▶ _TRY IT_:
Would you transcribe the whole listing exactly and drop its images?

▶ _SOURCE MATERIAL_:
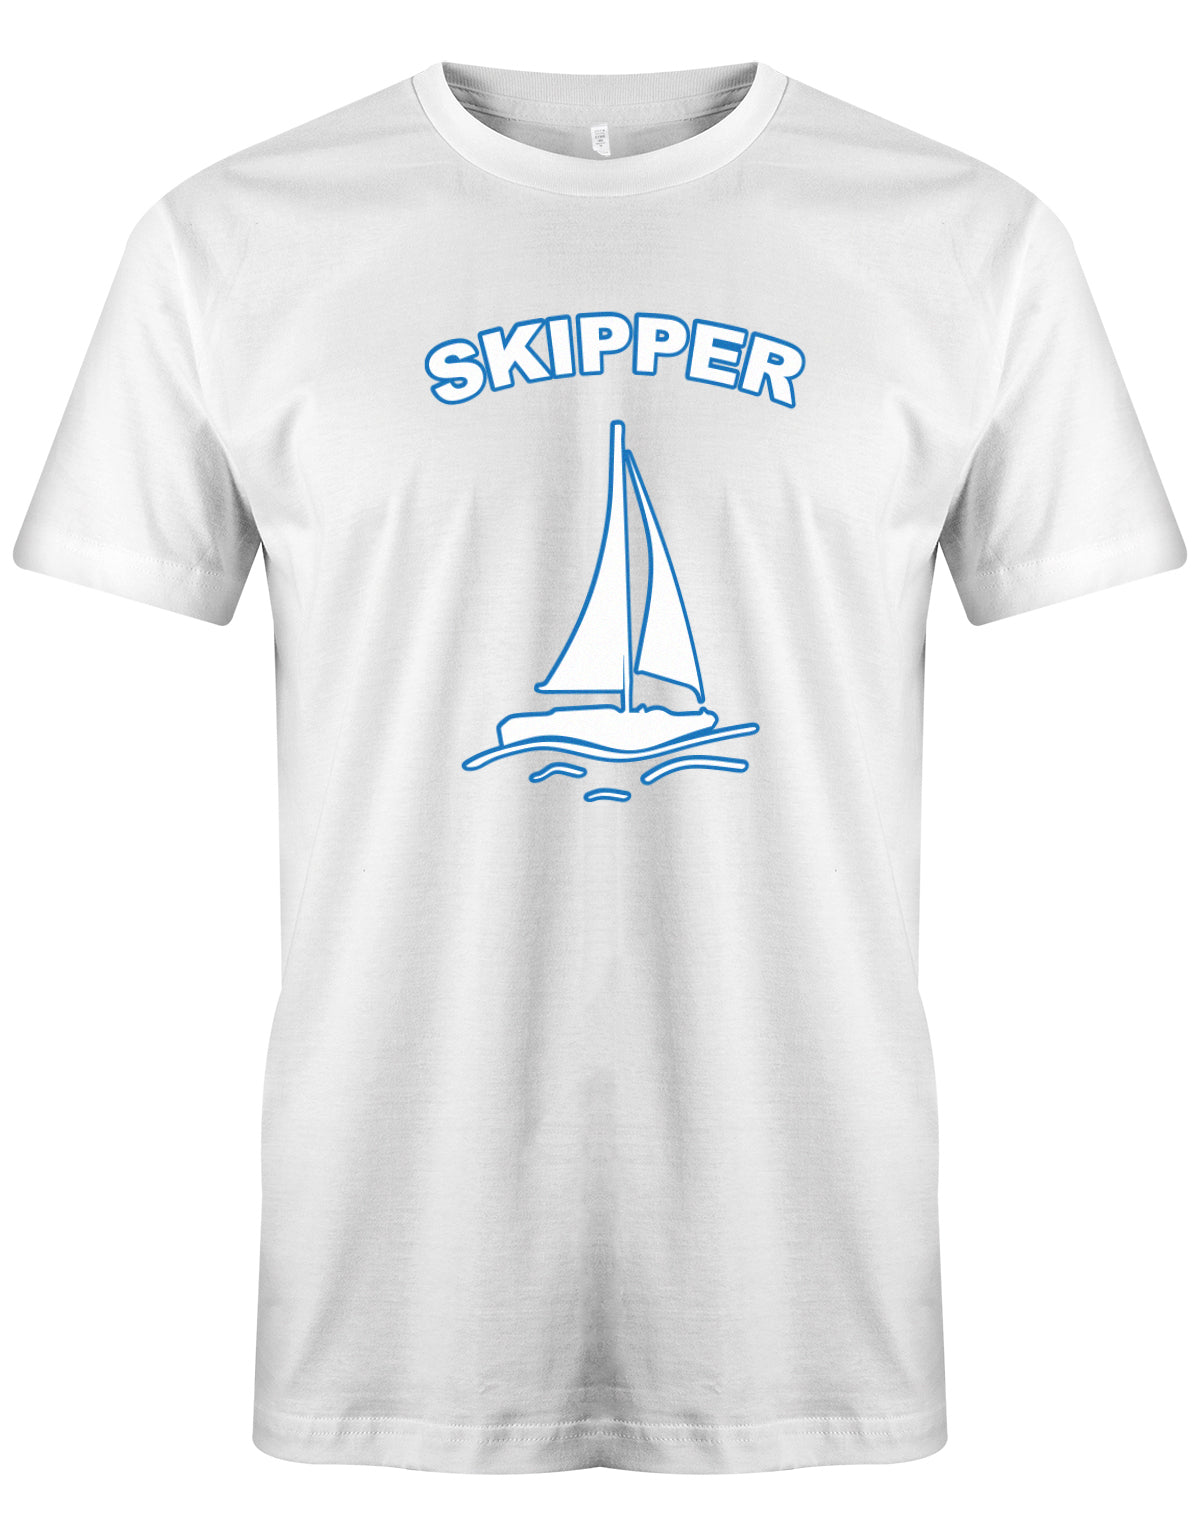 Skipper Segler - Segeln - Herren T-Shirt Weiss
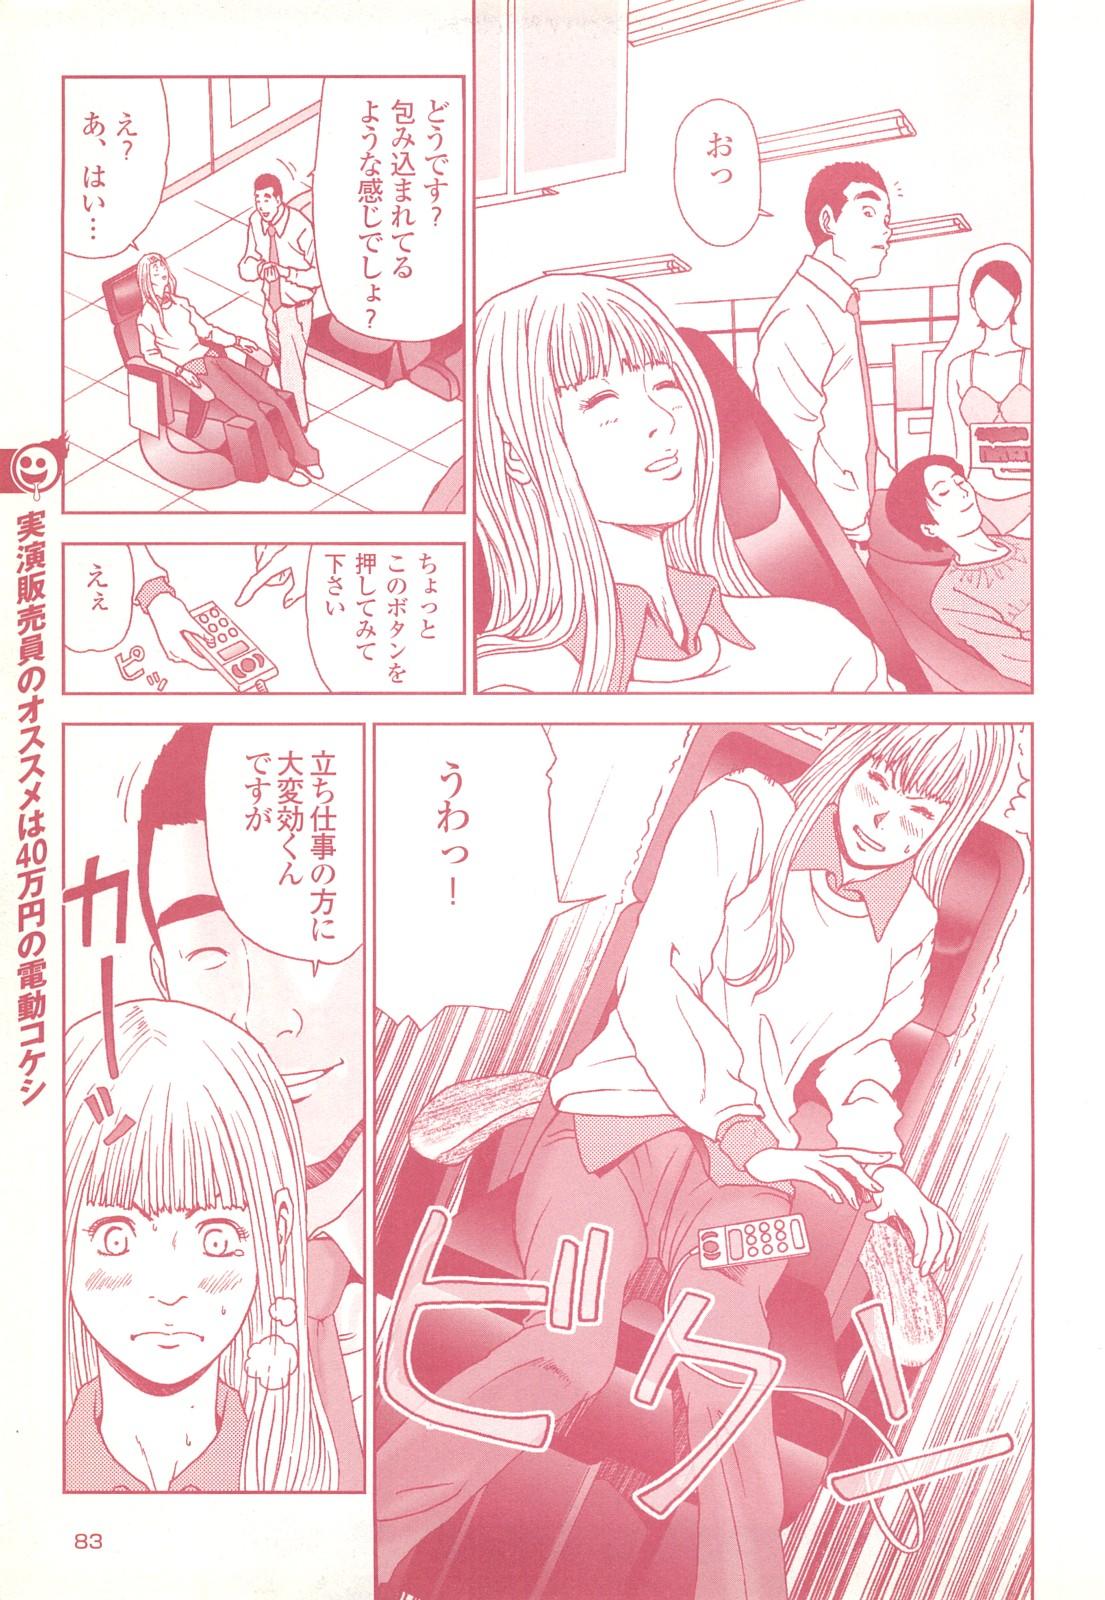 コミック裏モノJAPAN Vol.18 今井のりたつスペシャル号 82
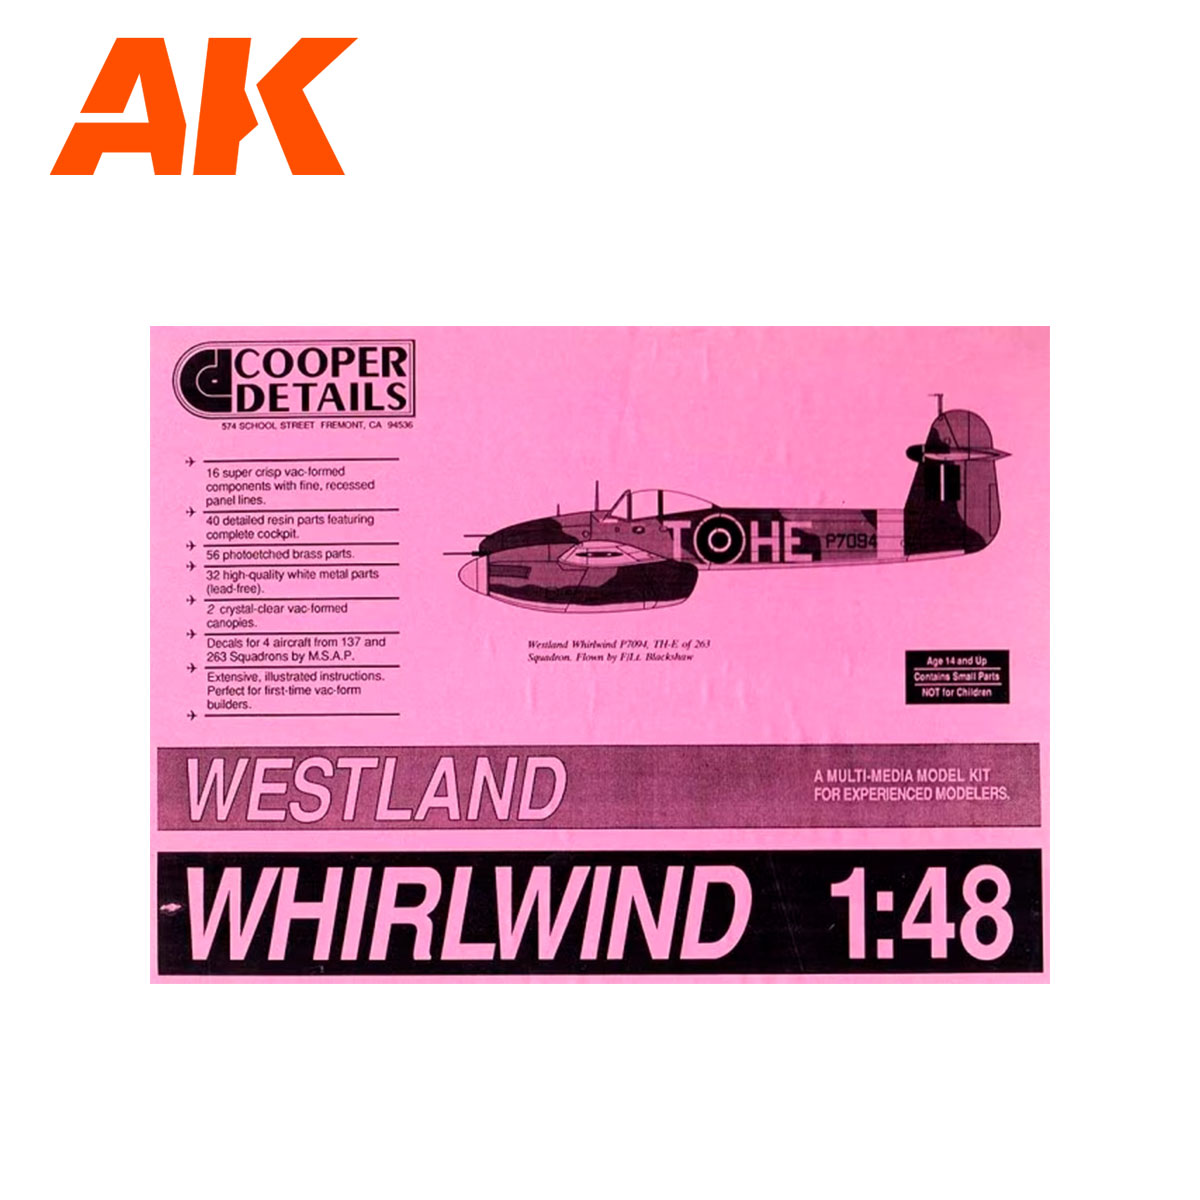 COOPER DETAILS 1/48 Westland Whirlwind

▶ _ANSWER BELOW_:
 Skipper Segler - Segeln - Herren T-Shirt Weiss
 コミック裏モノJAPAN Vol.18 今井のりたつスペシャル号 82
 COOPER DETAILS 1/48 Westland Whirlwind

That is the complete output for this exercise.